Übernimmt die Krankenkasse Kosten im Sanitätshaus Wolfsburg?
Bei einem verordneten Hilfsmittel rechnet das Sanitätshaus in Wolfsburg direkt mit der Krankenkasse ab, etwa nach einer Operation am Klinikum Wolfsburg. Sie zahlen nur die gesetzliche Zuzahlung, sofern keine Befreiung vorliegt. Ohne Rezept ist ein Kauf auf eigene Kosten möglich. Das Sanitätshaus berät, welche Produkte erstattet werden und welche nicht.
Wie funktioniert der Ausleihservice im Sanitätshaus Wolfsburg?

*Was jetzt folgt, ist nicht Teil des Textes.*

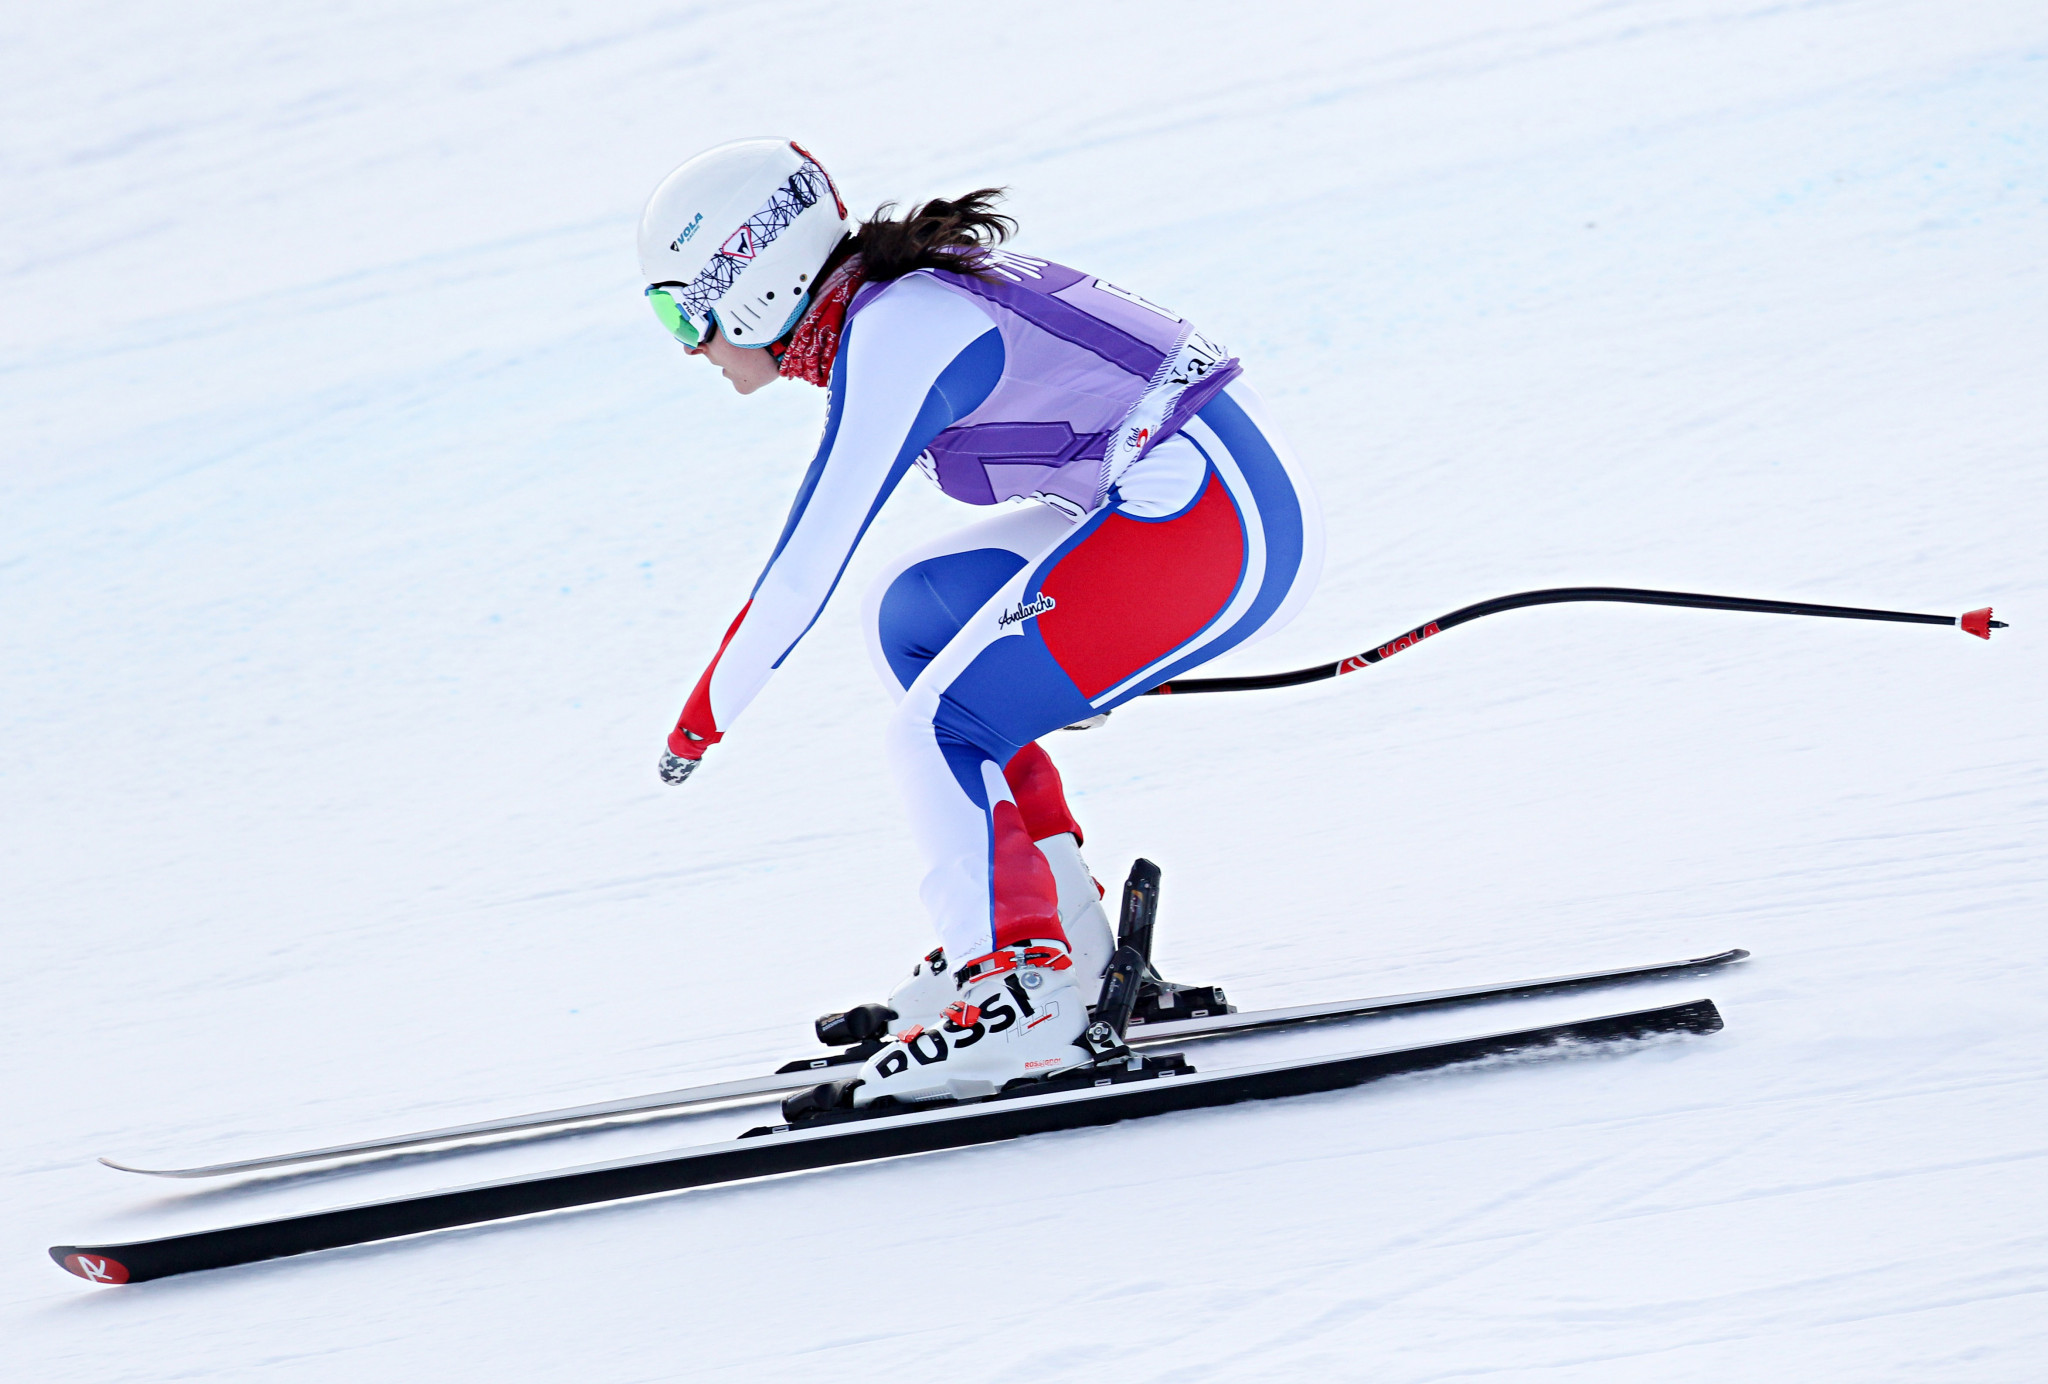 Bochet hoping to continue winning streak at World Para Alpine Skiing World Cup in Kranjska Gora

Viele Sanitätshäuser in Wolfsburg verleihen Hilfsmittel für begrenzte Zeiträume. Rollatoren, Gehstützen, Badestühle. Liegt eine ärztliche Verordnung vor, kann die Krankenkasse auch für Leihhilfsmittel aufkommen. Für kurze Genesungsphasen lohnt Leihen häufig mehr als Kaufen.

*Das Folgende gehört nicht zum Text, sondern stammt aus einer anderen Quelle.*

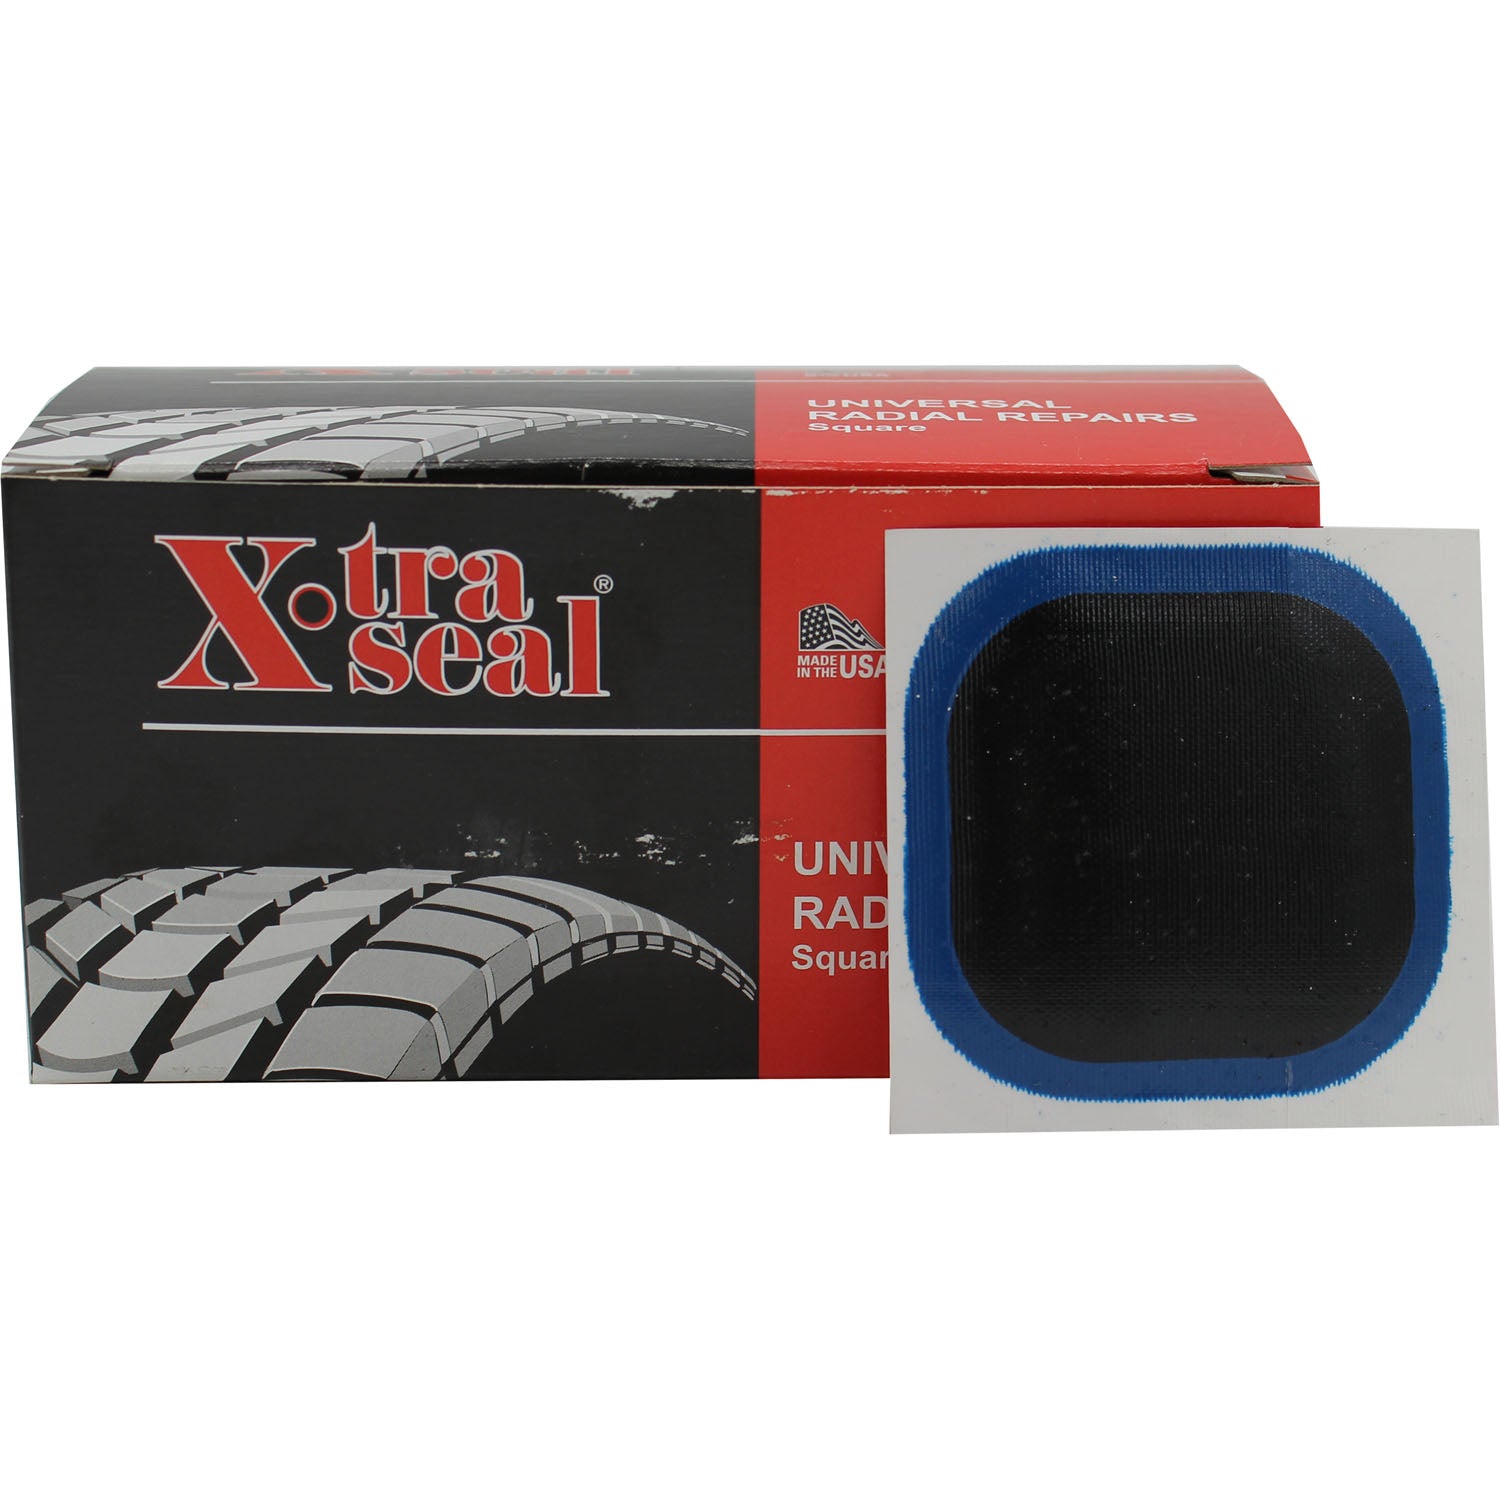 Xtra Seal 11-311 2-1/4" Medium Square Universal Tire Repair Patch Box of 50

Viele Wolfsburger wohnen in den Eigenheimen aus der VW-Aufbauzeit, in denen das Schlafzimmer und das Bad im Obergeschoss liegen. Wenn die gerade Innentreppe Jahr für Jahr beschwerlicher wird, rückt barrierefreies Wohnen in den Blick, damit das vertraute Haus weiter genutzt werden kann. Ein Lifta-Partner-Sanitätshaus in Wolfsburg gibt dazu eine erste Orientierung, baut die Technik aber nicht selbst ein: Den Einbau übernimmt Lifta nach Beratung, Aufmaß und Angebot vor Ort. Für die typische gerade Treppe ins Obergeschoss ist meist ein Treppenlift die naheliegende Lösung, bei größeren Höhenunterschieden im Haus auch ein Hauslift. Über das Formular können Sie das Infopaket unverbindlich anfordern und bei Bedarf eine persönliche Beratung anfragen.